Wpis z mikrobloga

#metromnaodwyku

Prawie 2 tyg po terapii
Jak narazie wszystko ok, myślałem że będzie gorzej. W czasie długiego weekendu złapał mnie głód choć nie od razu zdałem sobie z tego sprawę ale tak się przypadkiem złożyło (lub niektórzy mogliby to uznać za opatrzność) że napisała do mnie znajoma z terapii w sumie pierwszy raz odkąd opuściliśmy ośrodek, później zagaił mnie mirek również alkoholik i zamieniliśmy 3 zdania i rozeszło się po kościach, swoją drogą dopiero wtedy zrozumiałem dlaczego do trzeźwienia alkoholikowi jest potrzebny drugi alkoholik.

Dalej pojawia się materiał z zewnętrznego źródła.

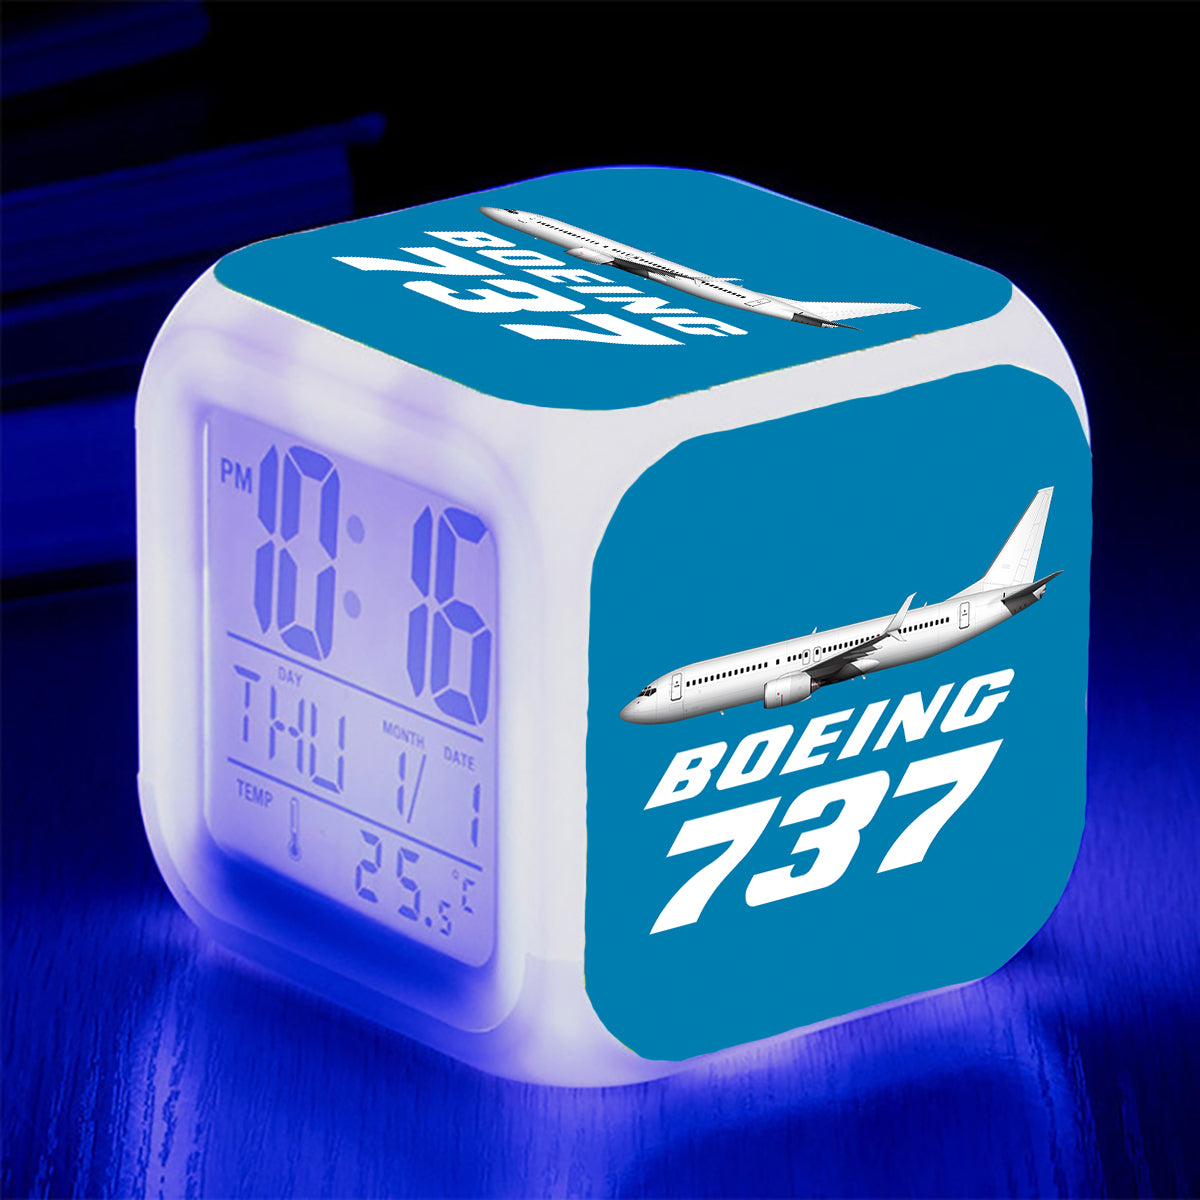 The Boeing 737 Designed "7 Colour" Digital Alarm Clock

Nawet nie bardzo pisałem im że coś się dzieje poprostu krótka wymiana zdań pomogła. Dla niewtajemniczonych – głód alkoholowy to nie tylko nieodparta chęć napicia się, to raczej przychodzi na końcu, wcześniej jest szereg innych czynników takich jak np rozdrażnienie, sny o alkoholu,wspominanie przyjemnych chwil związanych z piciem, powątpiewanie w sens trzeźwego życia i wiele innych.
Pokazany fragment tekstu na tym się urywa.